Autor: Martín Descalzo

Capítulo 18: Las cadenas del miedo

Una de las grandes tentaciones de nuestra generación es el miedo. Y una de las más extendidas. Al menos
yo me encuentro cada vez con más personas que viven acobardadas, a la defensiva, no tanto por lo que les
ocurre cuanto por lo que venir.

Y lo peor del miedo es que es una reacción espontánea y -a poco que el hombre se descuide- casi
inevitable. Sobre todo en los grandes períodos de cambios como el que vivimos.

Quizá lo más característico de nuestra civilización sea, precisamente, el endiablado ritmo con que ocurren
las cosas. Lo que ayer mismo era normal, hoy se ha convertido en desusado. Las ideas en que nos
sosteníamos son socavadas desde todos los frentes. La inseguridad se nos ha vuelto ley de vida. La gente
mira a derecha e izquierda inquietamente y te pregunta: Pero ¿qué es lo que nos pasa? Y no se dan cuenta
de que lo que nos pasa es, precisamente, que no sabemos qué es lo que nos pasa.
Y surge el miedo. El hombre -lo queramos o no- es un animal de costumbres. En cuanto pasan las
inquietudes de la juventud, todos tendemos a instalarnos: en nuestras ideas, en nuestros modos de ser y de
vivir. Cuando alguien nos lo cambia, sentirnos que nos roban la tierra bajo los pies. Y, al sentirnos
inseguros, brota el miedo.

Un miedo que se percibe en todos los campos: hay creyentes angustiados que temen que les «cambien» la
fe. Hay padres que tiemblan de sólo pensar en el futuro de sus hijos. En el campo político son muchos los
que ya cambiaron las ilusiones de los años setenta por los miedos del ochenta.

Y hay que decir sin rodeos que no hay mejor camino para equivocarse que el que juzga y construye sobre
el miedo. Porque si el pánico paraliza el cuerpo del que lo sufre, también inmoviliza y encadena su
inteligencia. El miedoso se vuelve daltónico.- ya no ve sino las cosas que le amenazan. Y no se puede
construir nada viviendo a la defensiva.

El miedoso es alguien que apuesta siempre por el «no» en caso de duda. Se rodea de prohibiciones y
murallas. Y termina provocando los efectos contrarios a los que aspira. Un padre aterrado ante el futuro
de sus hijos no tardará mucho en convertirlos en rebeldes. Un obispo o un cura que tiembla ante el futuro
de la fe fabricará descreídos o resentidos. Un viejo que temo la muerte se olvidará de vivir. Un joven
dominado por el temor se volverá viejo antes de tiempo.

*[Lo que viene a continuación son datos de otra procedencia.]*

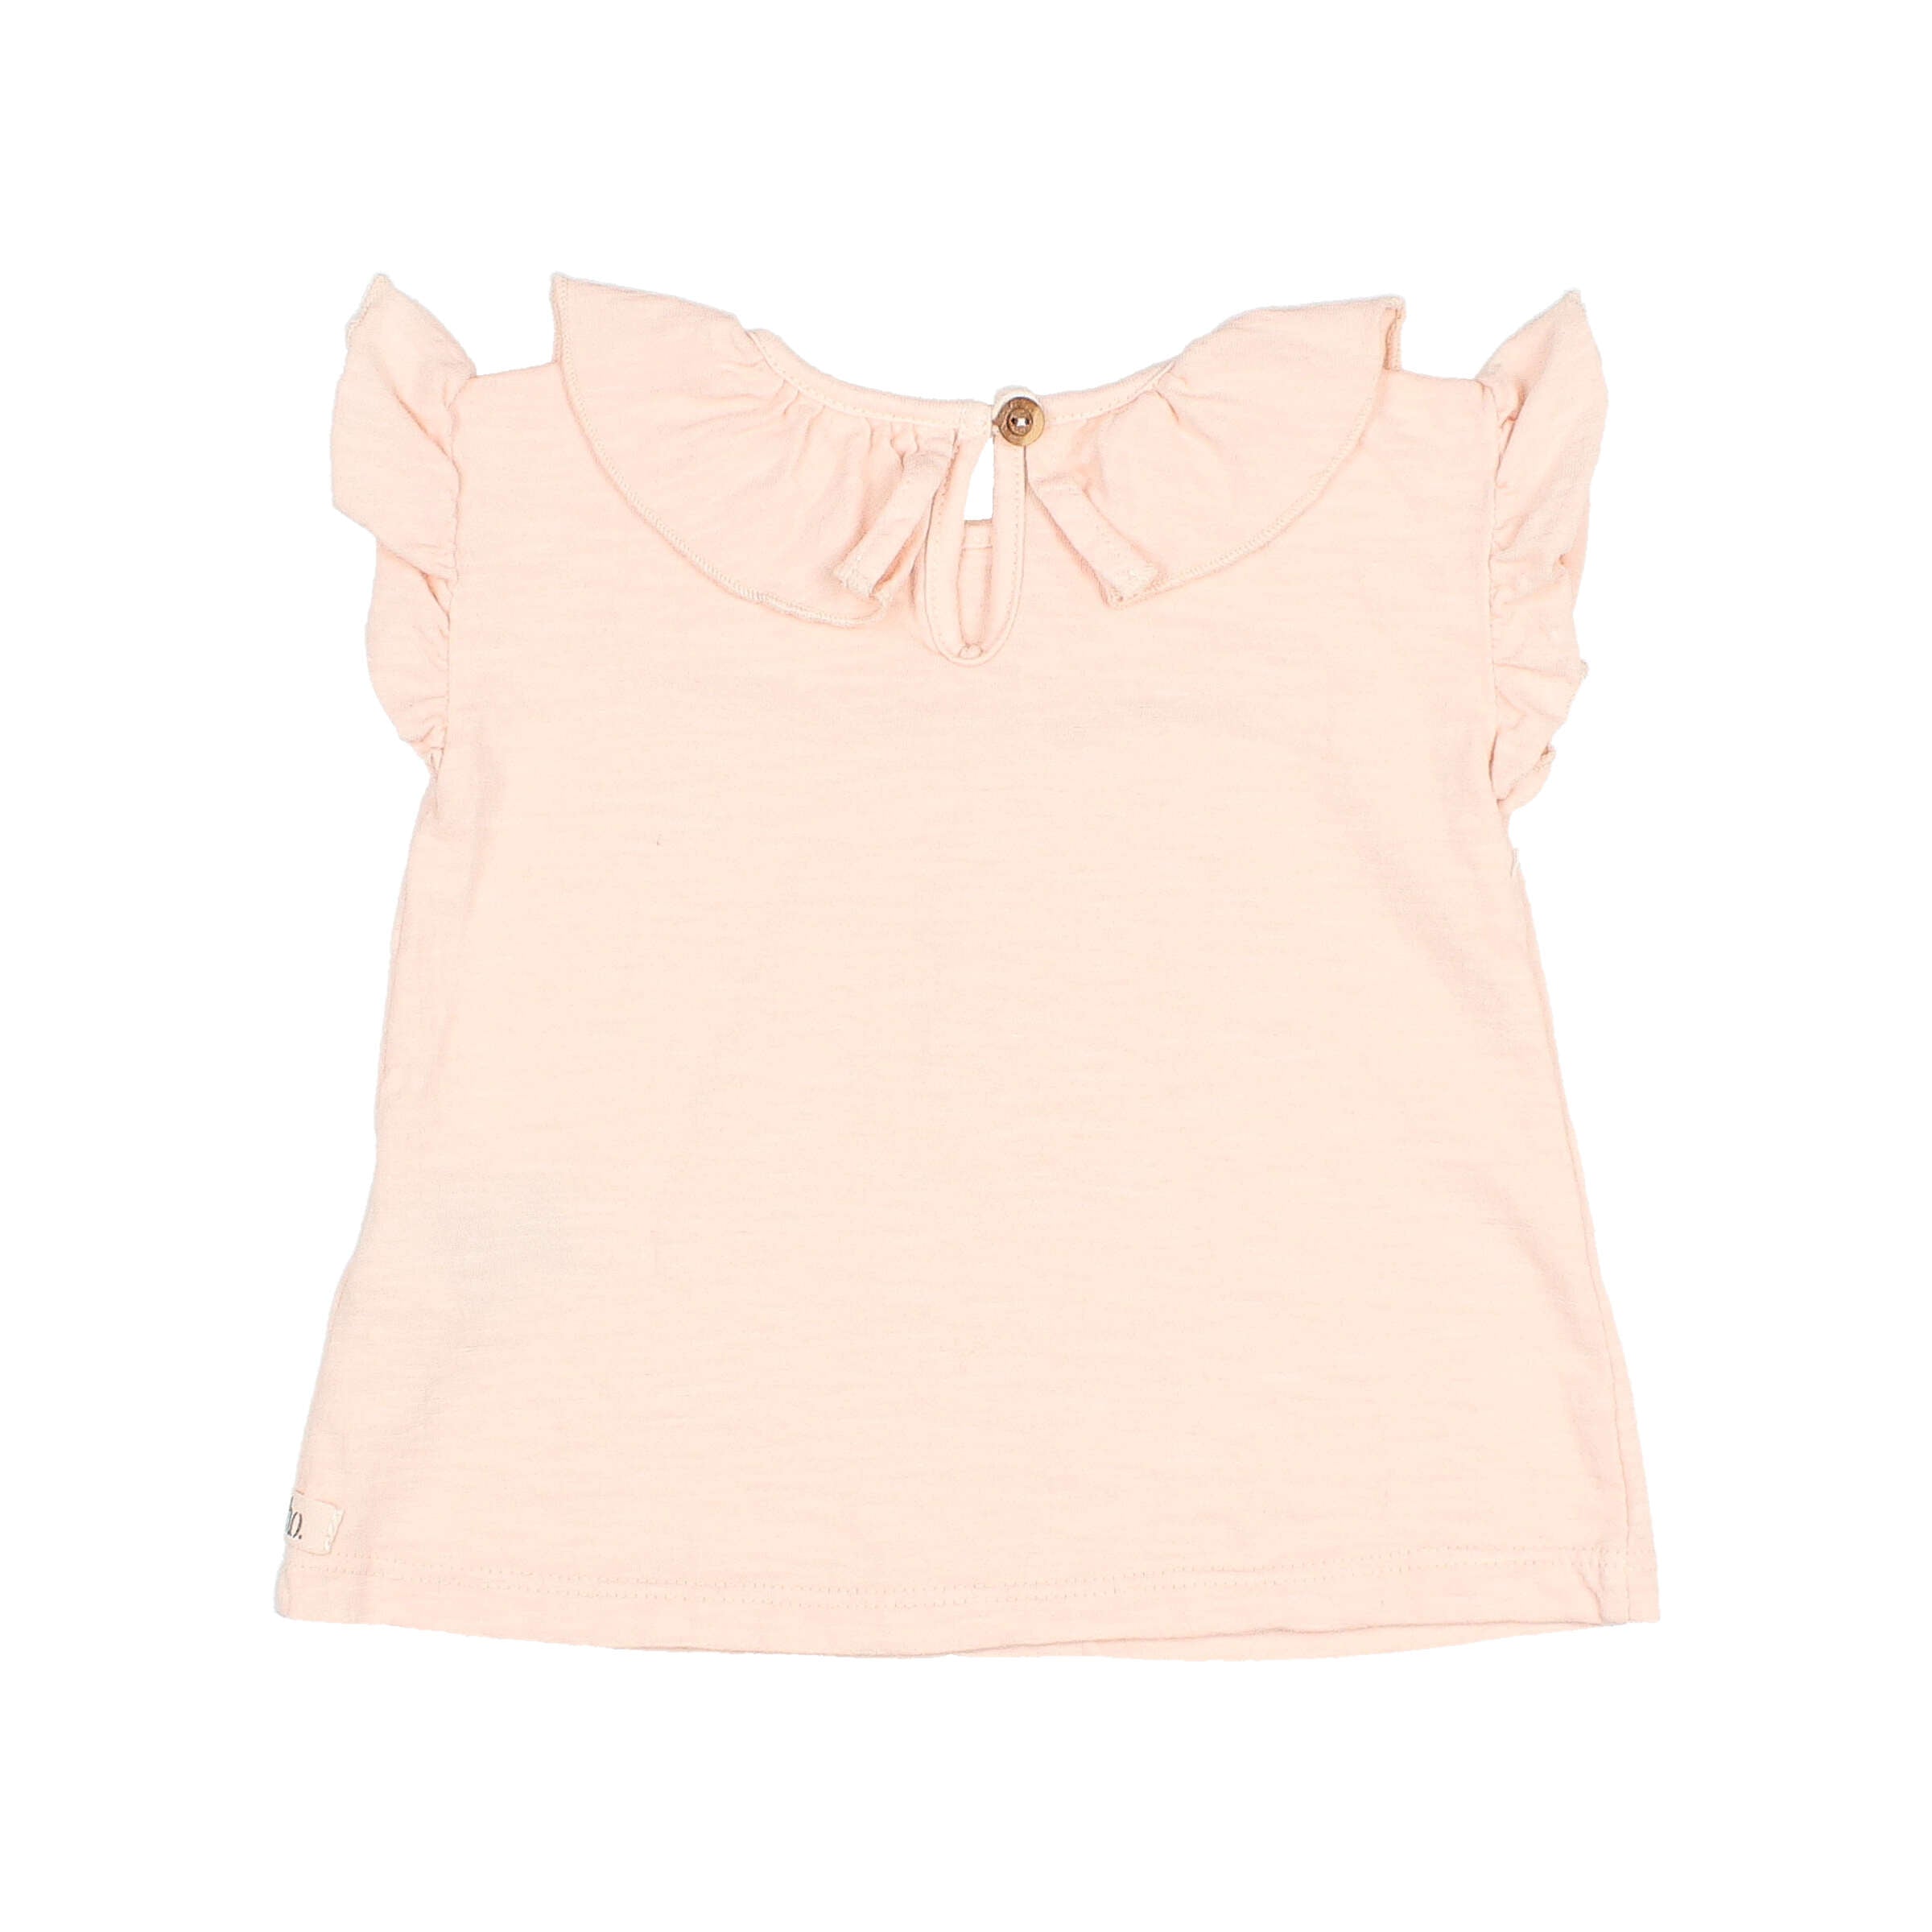 Buho - bb - frill collar t-shirt - light pink

Esto, naturalmente, no significa canonizar todo cambio. Los hay en los que el mundo avanza (y deben ser
apoyados por todos) y algunos en los que se camina hacia atrás. Y habrá que resistir frente a ellos. Pero
resistir desde la seguridad de aquello en lo que se cree, no desde el pánico de lo que se teme. El miedoso
no se atreve a confesárselo, pero en realidad teme porque no está seguro ni de sus creencias ni de si
mismo. Entonces se defiende y patalea. Pero ya no defiende su verdad, sino su seguridad.No hay que
tener miedo. Nunca. A nada. Salvo a nuestro propio miedo.